Ronny leaned back. “There was a ‘Dawes’ named in the photo, right? One of the five men?”

“Yeah. Josiah Dawes. He was the one on the far left. I ran the name earlier. Born 1902, died 1966. No surviving children listed in the obituary.”

“But maybe grandchildren?”

Maya scanned through a genealogy forum. Then she paused. “Here. A family tree posted by a user called G.Dawes84. Claims to be the grandson of Josiah Dawes. Lives in Evansville.”

“Indiana?” Ronny asked.

“Yep. Not far—maybe forty-five minutes west.”

She clicked through to a profile and found a first name: Gideon. There was a generic Gmail address attached. “Worth a shot?”

“Definitely,” Ronny said. “Send him a message. Brief, but enough to raise curiosity.”

Maya typed quickly:

Hello, Mr. Dawes.
My name is Maya Caldwell. I’m a local historian in Henderson, Kentucky. I’m researching a property once owned by your grandfather, Josiah Dawes, and came across some documents that may relate to your family.
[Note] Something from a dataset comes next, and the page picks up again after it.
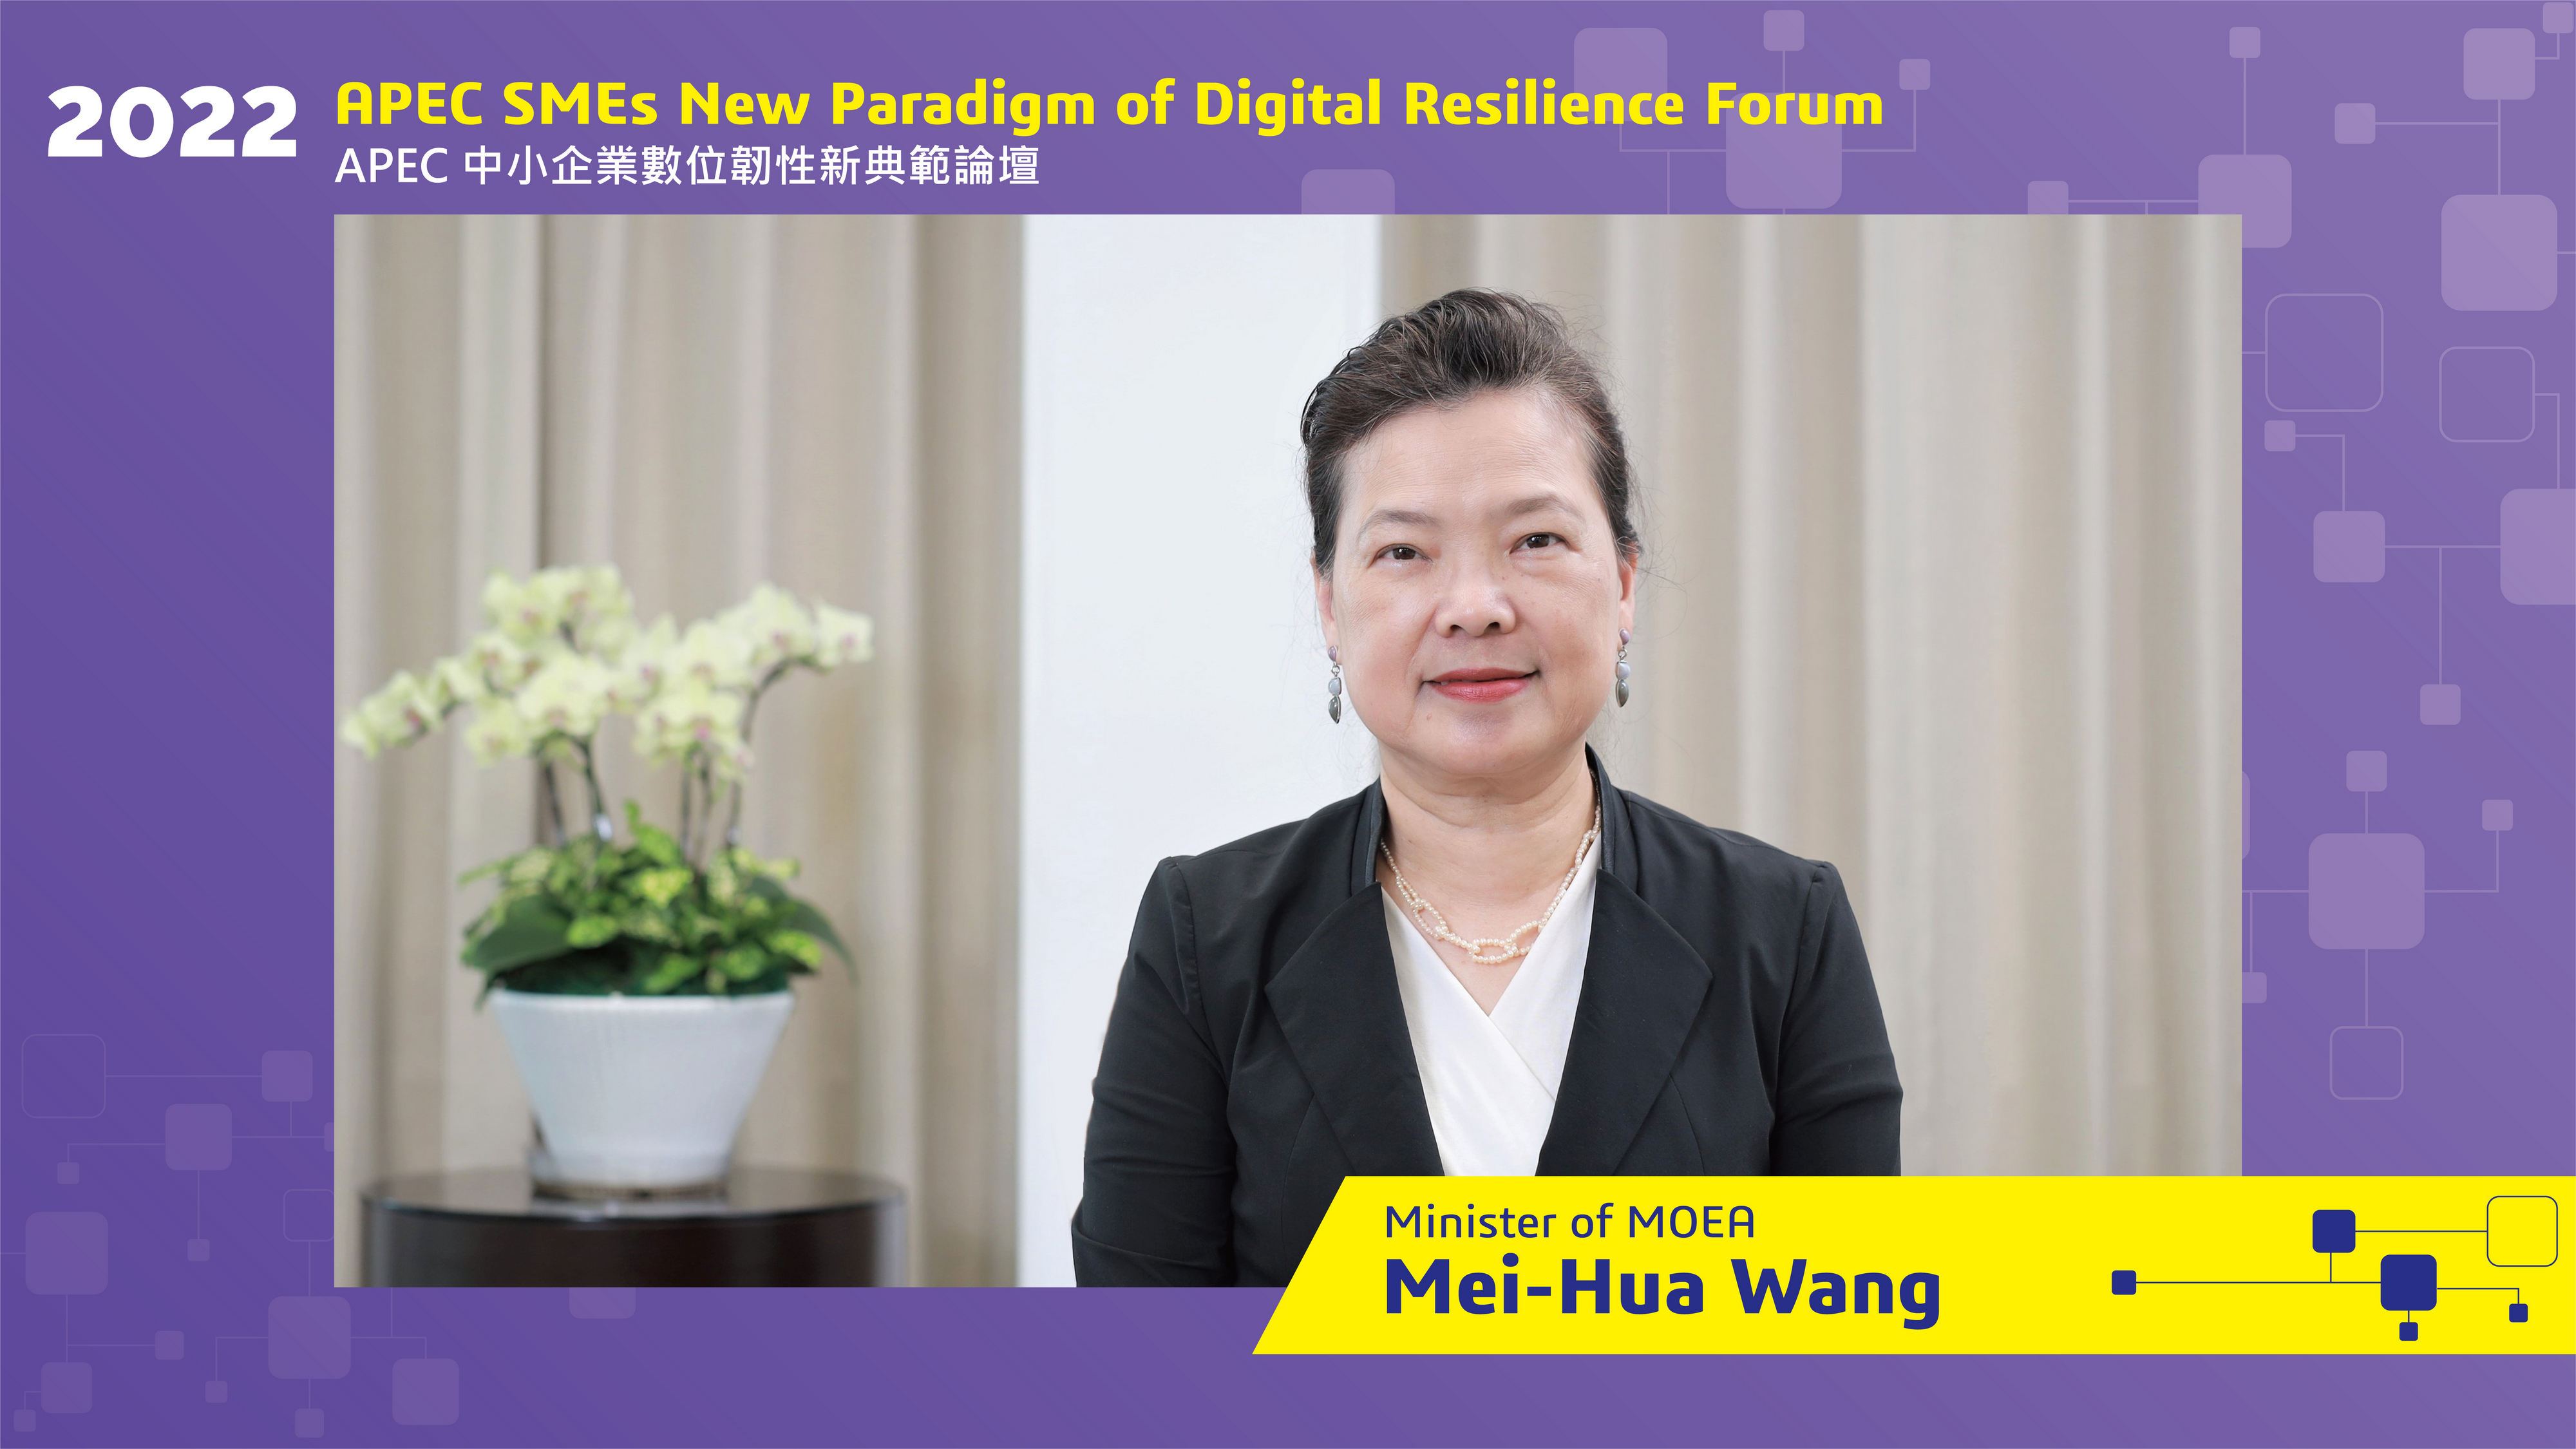 APEC SMEs New Paradigm of Digital Resilience
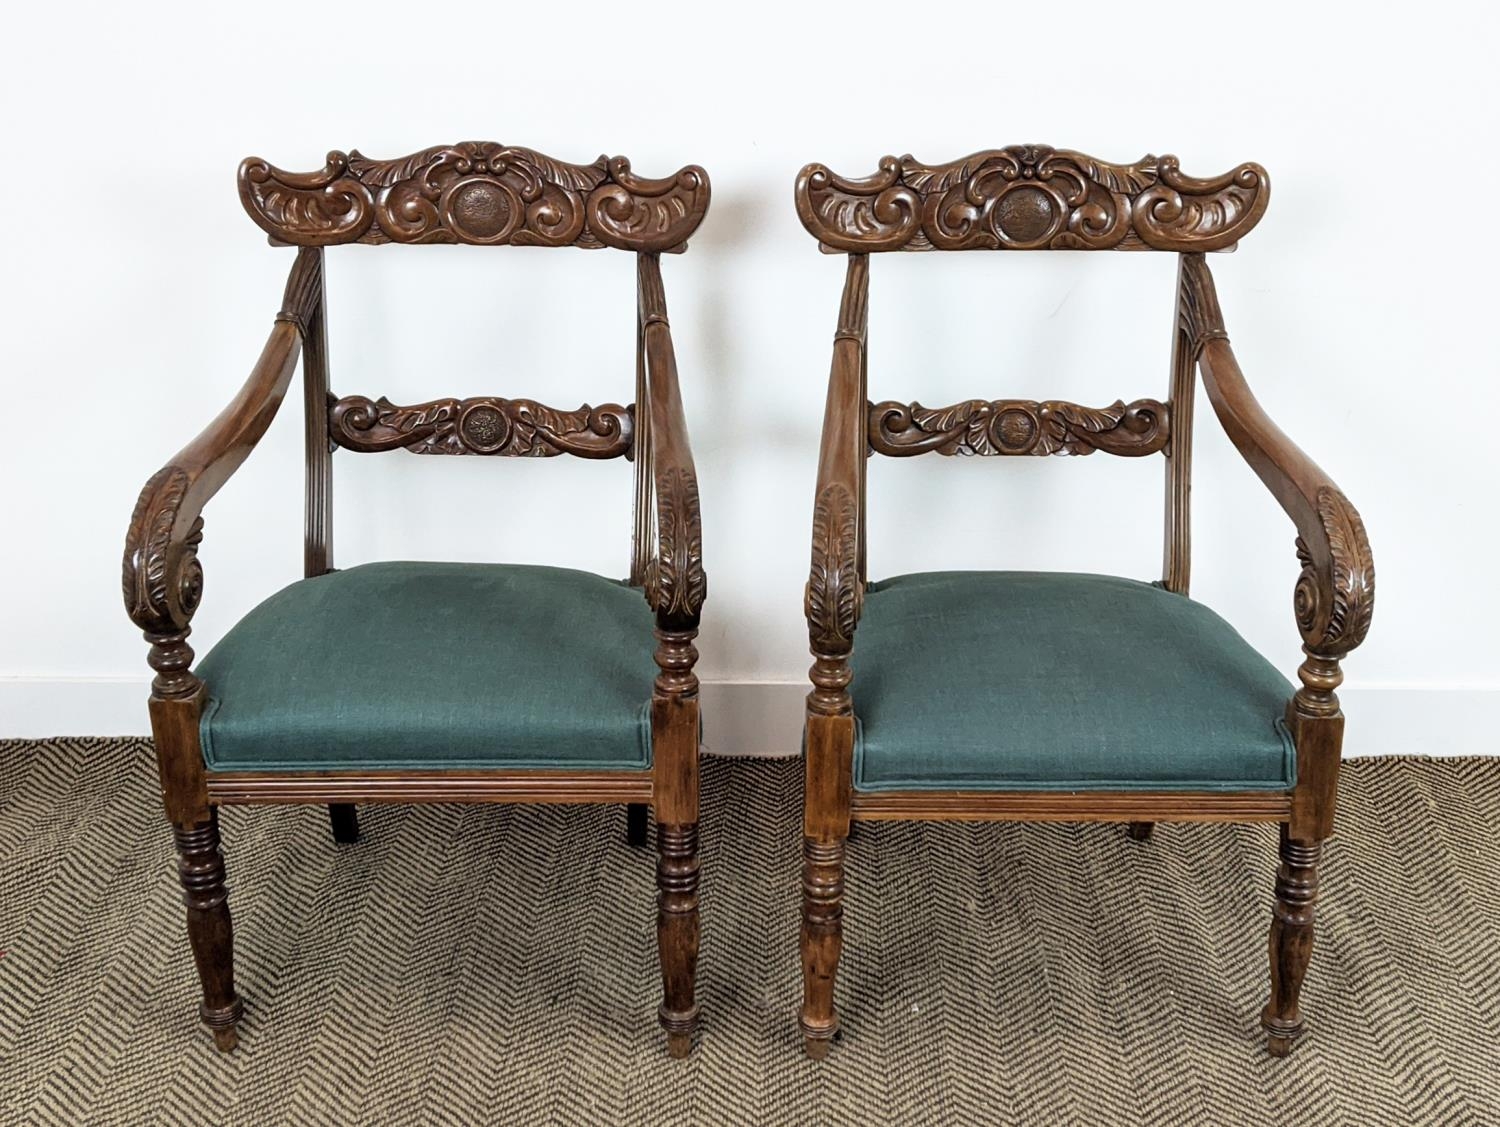 ARMCHAIRS, a pair, mid 19th century mahogany with green stuffover seats, 91cm H x 58cm x 58cm. (2) - Image 3 of 18

Would you be willing to speak with us—by phone or in person?
Best regards,
Maya Caldwell

She hit send.

Ronny stood and stretched. “We’ll be lucky if he responds.”

Less than ten minutes later, her phone buzzed.

New email from: G.Dawes84@gmail.com
Subject: Dawes Property Inquiry

Hi Maya,
You’re actually the second person to contact me about my grandfather this week.
I’d be willing to talk, but I’d rather do it in person.
I don’t want anything going through email that someone else can read.
I’m free tomorrow morning.
Meet me at Maxwell’s CafĂ©, corner of 3rd and Vine, Evansville. 10 a.m.
—Gideon Dawes

Maya and Ronny stared at each other.

“The second person this week,” she said slowly.

Ronny’s jaw tightened. “We’re not the only ones asking questions.”

Friday, May 30, 2025

Chapter 9 – Dawes Farm

They reached the turnoff to the old Dawes property just before noon.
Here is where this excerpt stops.